#### [Data section]

-- Opening Marker --

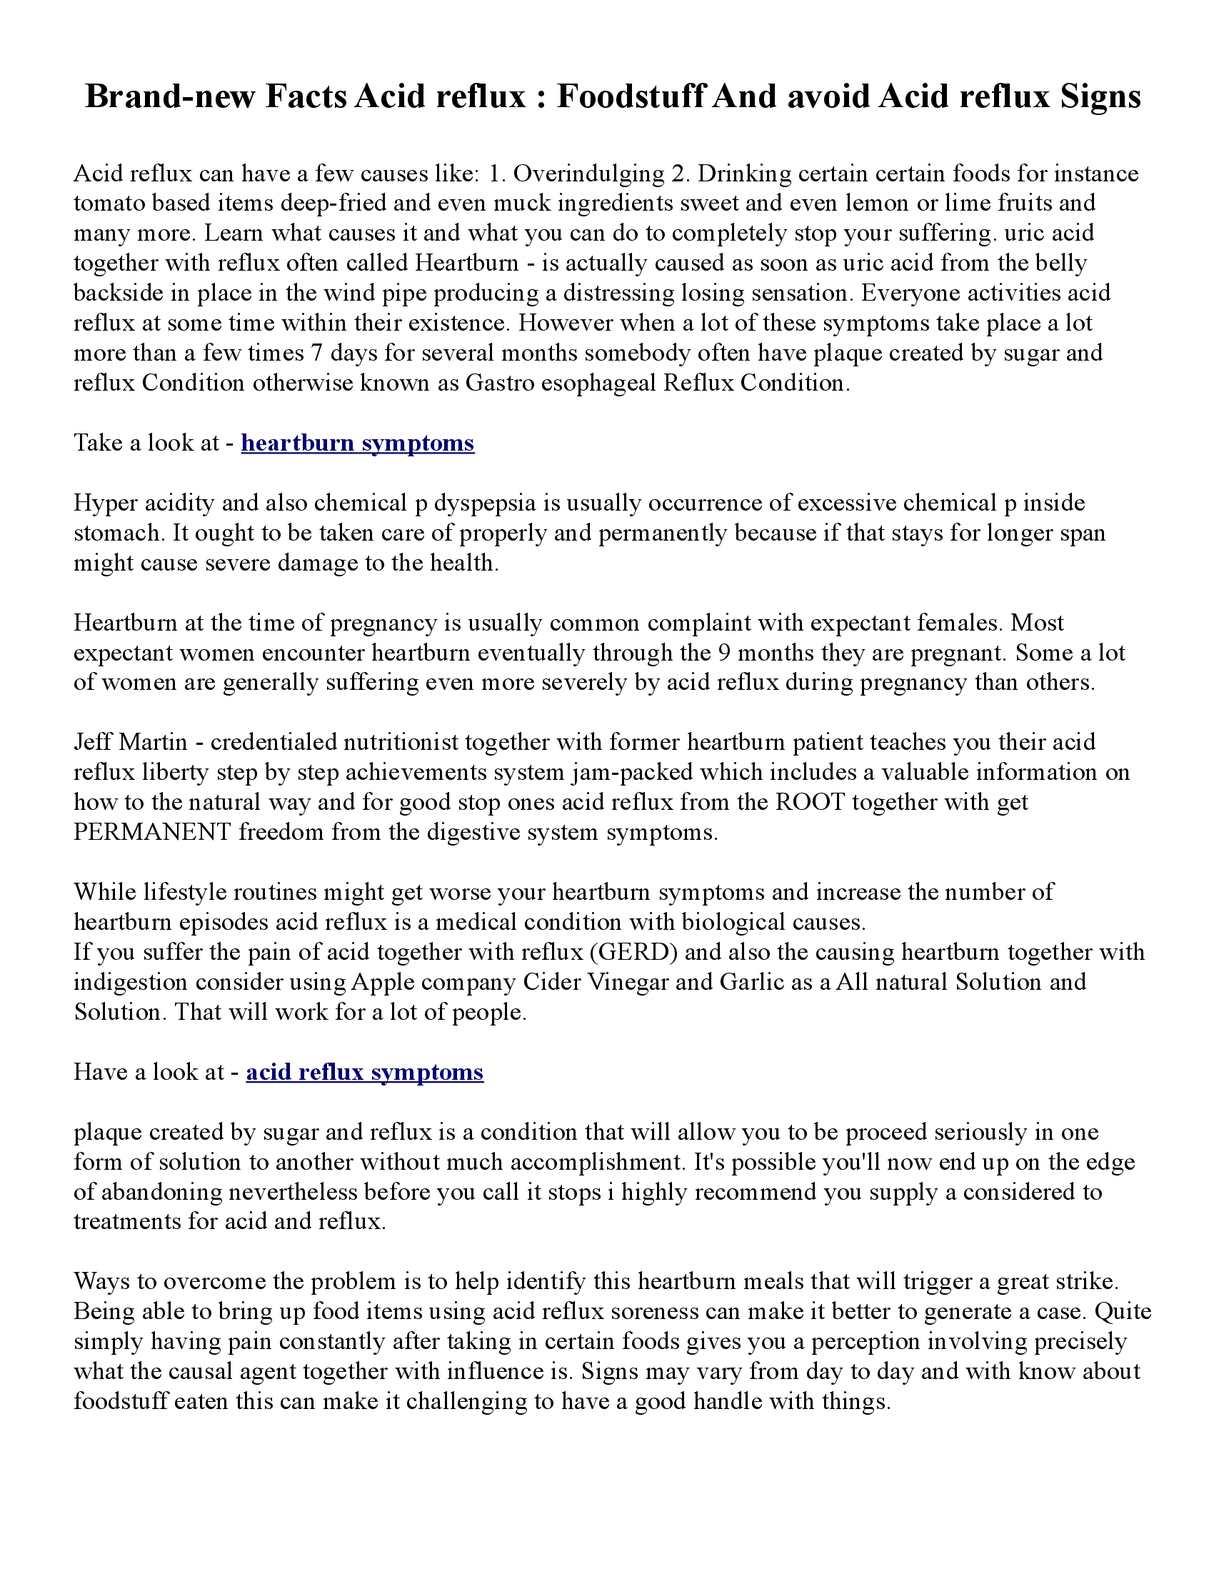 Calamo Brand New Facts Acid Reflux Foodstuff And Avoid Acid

-- Closing Marker --
-- Opening Marker --

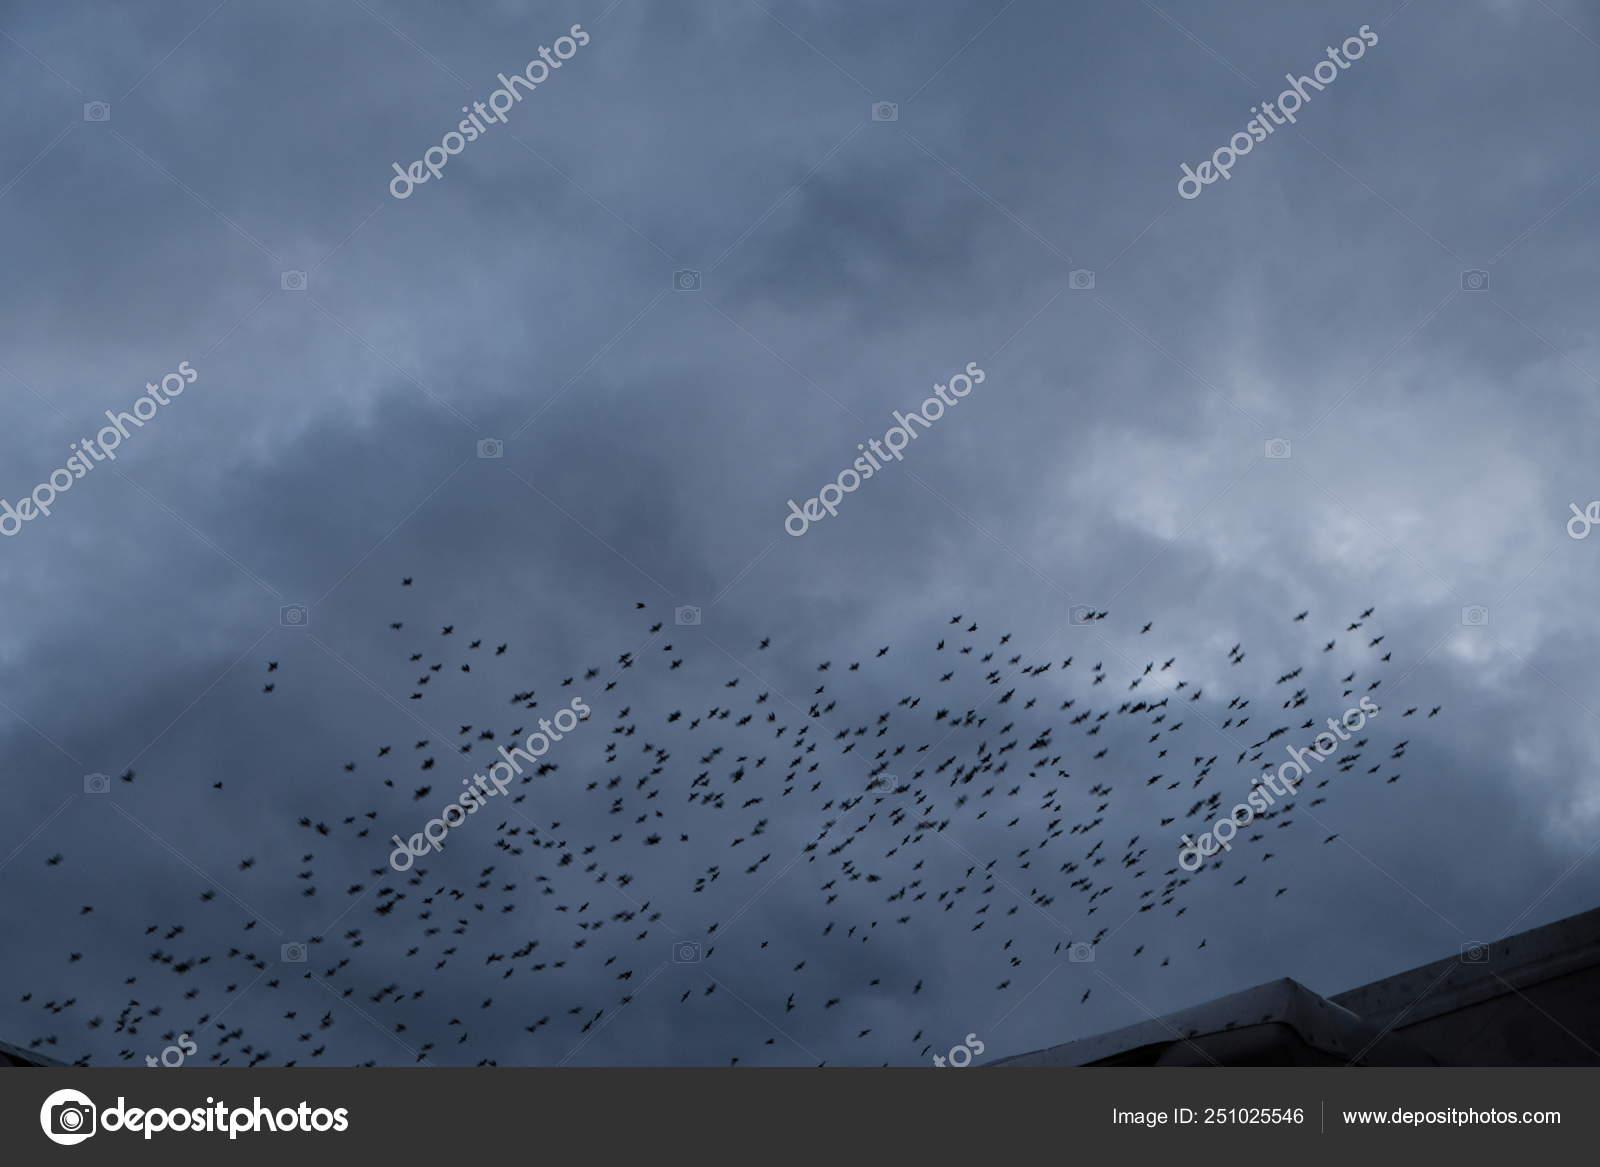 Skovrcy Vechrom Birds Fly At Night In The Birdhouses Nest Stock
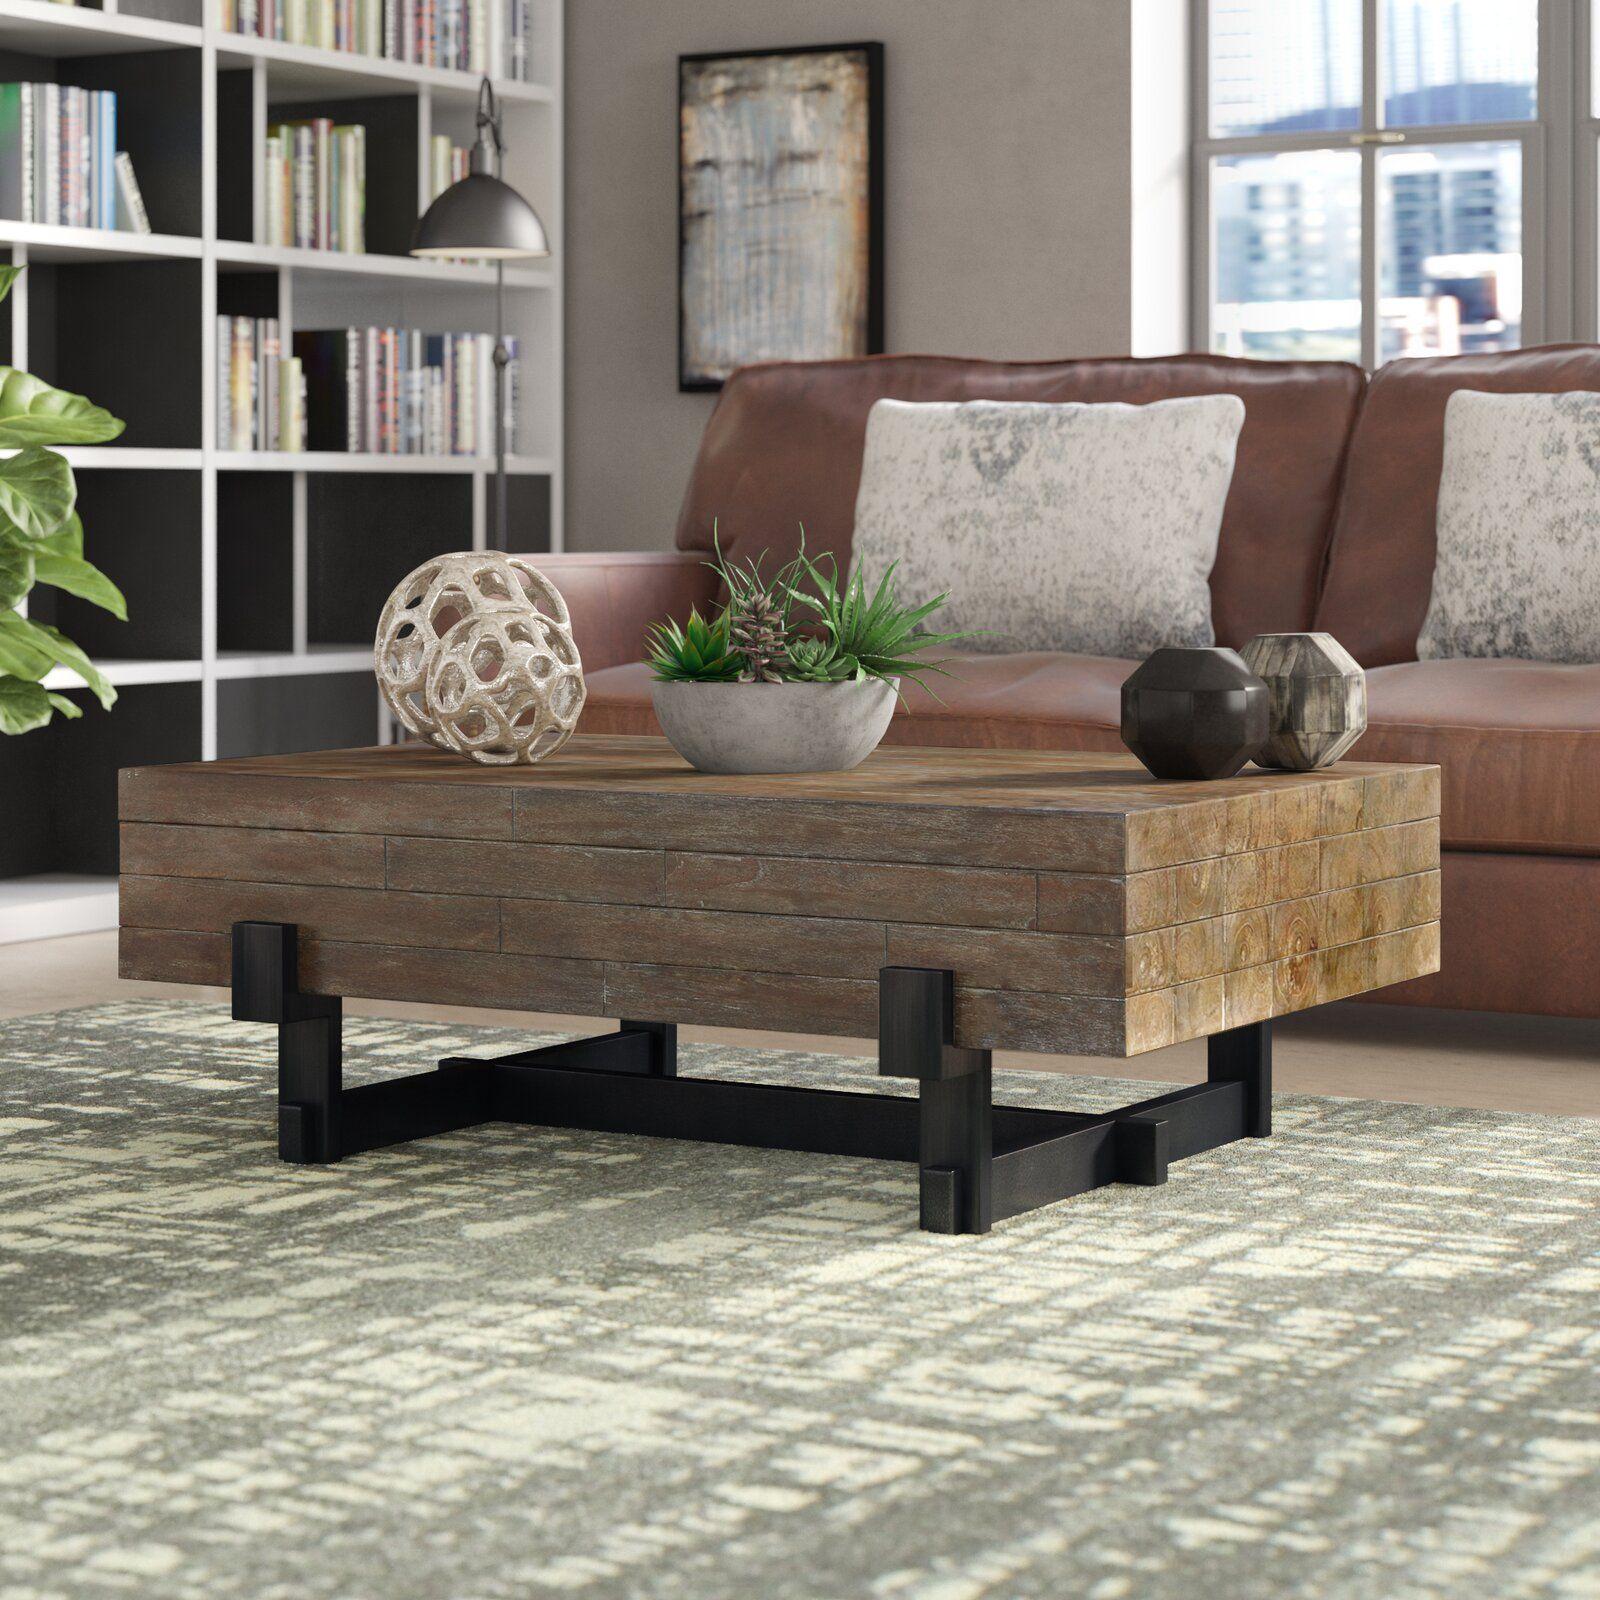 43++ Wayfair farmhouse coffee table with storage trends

-- Closing Marker --

#### [Aim of the exercise]
Nothing outside the stretch above, from the line with "Skovrcy Vechrom Birds" through the line with "43++ Wayfair farmhouse", is set down. Transcribe that stretch exactly, ends included, but not its pictures.

#### [Expected output]
 Skovrcy Vechrom Birds Fly At Night In The Birdhouses Nest Stock
 43++ Wayfair farmhouse coffee table with storage trends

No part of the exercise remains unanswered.